Experiment on the sense of taste in mice
The researchers tested their theory repeatedly in mice, offering them various flavors through a small spout. They wanted to see how the neurons in their brain would respond to different sensations. They used calcium imaging on alert mice to analyze how to taste and task-related variables react. During the experiments, they collected data on how neurons in the gustatory cortex responded to different tastes. Not surprisingly, they found that some neurons responded to a single taste, and others to many sensations.
When they analyzed the distribution of responses over multiple spatial scales, they found that the sense distributes evenly across the cortex. They observed no signs of spatial clustering or maps of hot spots corresponding with specific flavors.
“Our findings are important because they address one of the basic organizing principles of brain function,” explains Dr. Fontanini. “Topographical maps are a pervasive feature of brain organization. Demonstrating that the spatial organization of taste responses is not as simple as previously believed makes us re-evaluate the neurobiological processes underlying taste perception and taste-related brain functions.”
The data collected in this groundbreaking study shows that our sense of taste gets distributed evenly in the gustatory cortex. Certain tastes don’t correspond with specific areas of the cortex; rather, the sensations come from spatially distributed neurons. This coding scheme differs from the brain organization of auditory, visual, and somatosensory systems. However, the olfactory system works similarly to the gustatory process.
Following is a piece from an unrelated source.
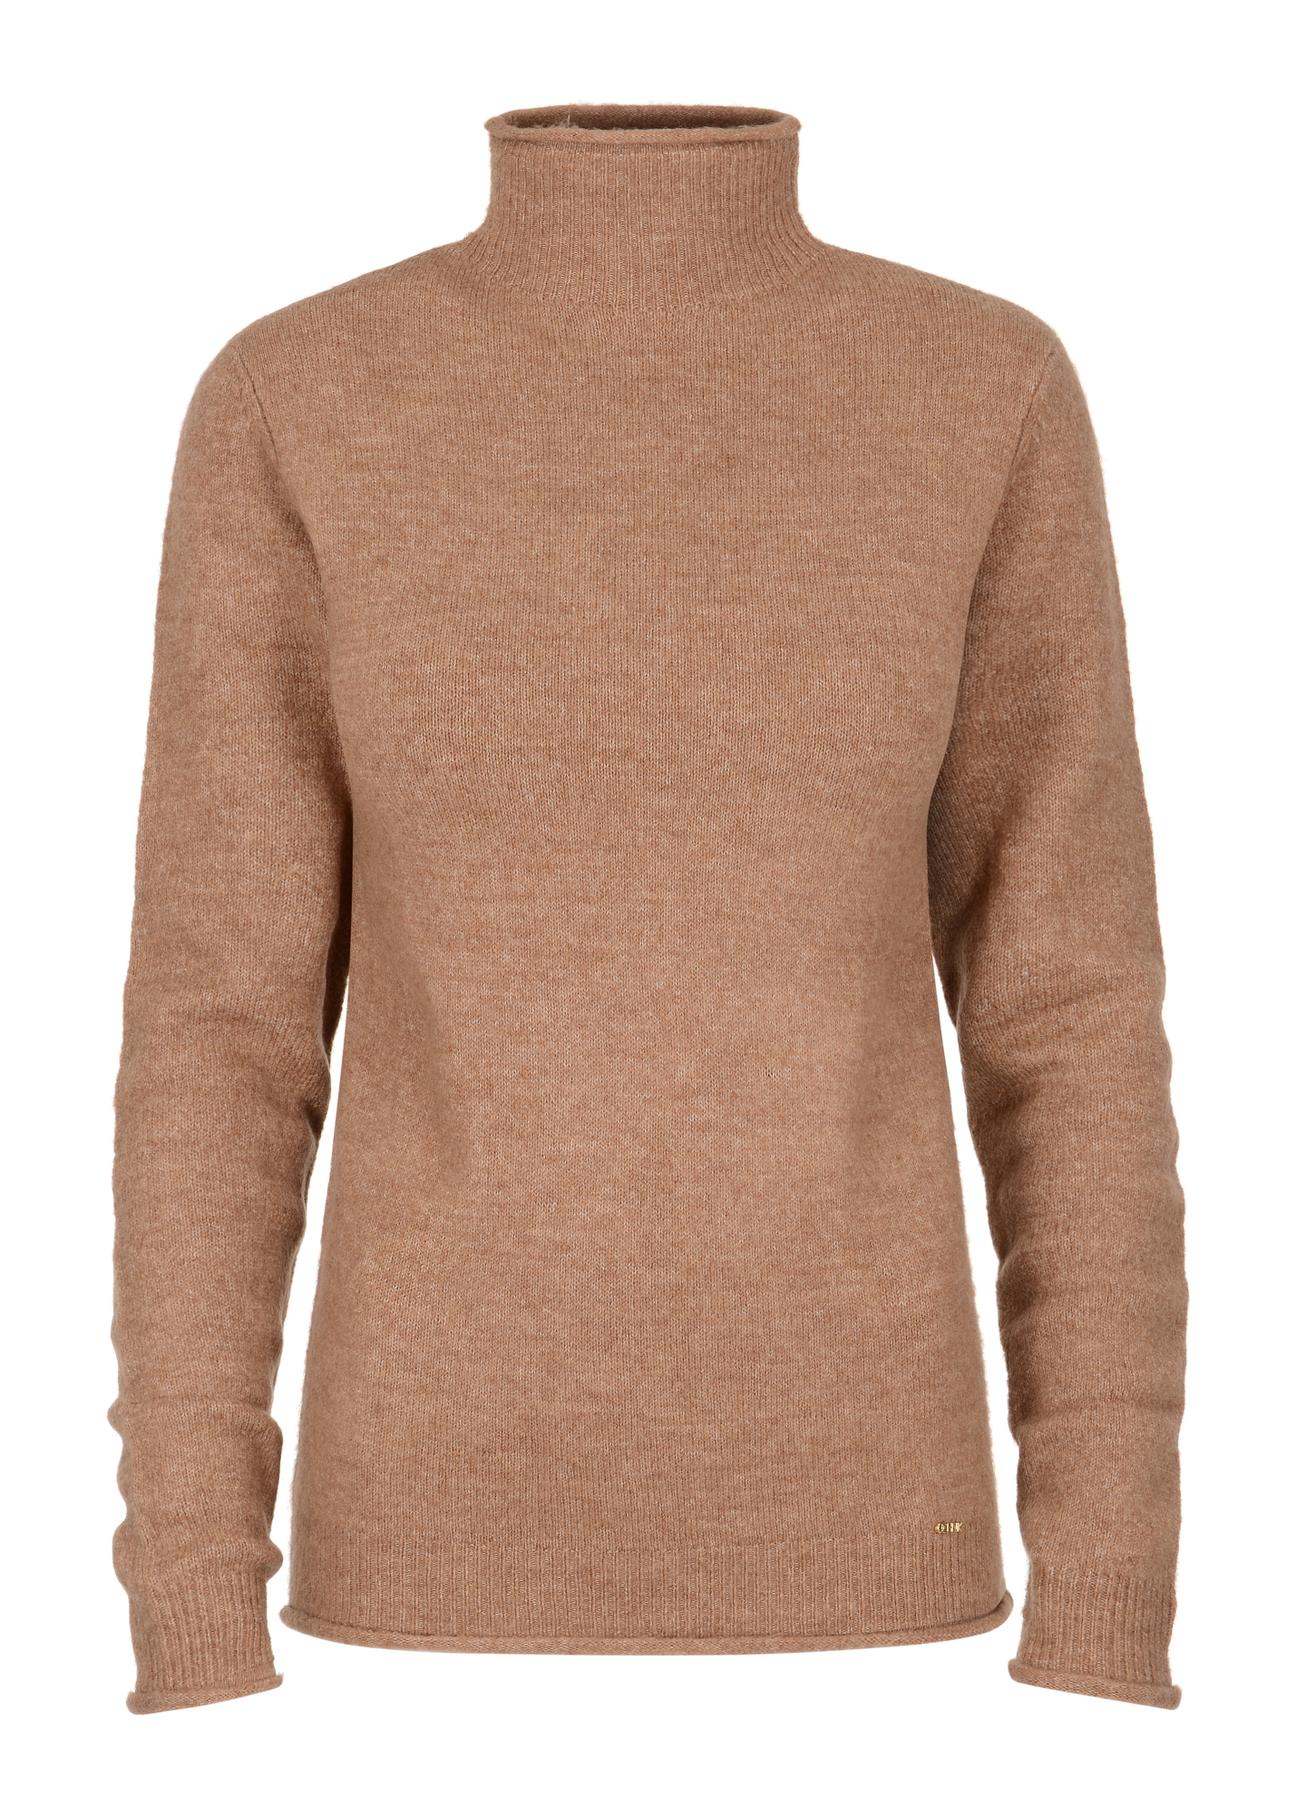 Jasnobrązowy sweter damski SWEDT-0164-34(Z23)

Final thoughts on the new study that shows how we decode taste
Neurobiologists have recently discovered that our sense of flavor doesn’t come from certain areas of the cortex. Rather, when we eat something, neurons throughout the cortex respond to the sensation. Previously, scientists believed that only certain neurons became activated when they perceived a specific taste. However, new research reveals that the distribution of neurons occurs in an overlapping and spatial pattern.
When we eat, we perceive the taste on our tongue, but it really occurs within our brain. The neurons fire so quickly that it seems like all of the sensations happen in our mouths, however. This research shows the intricacy and precision of the human body and that we still have so much left to learn!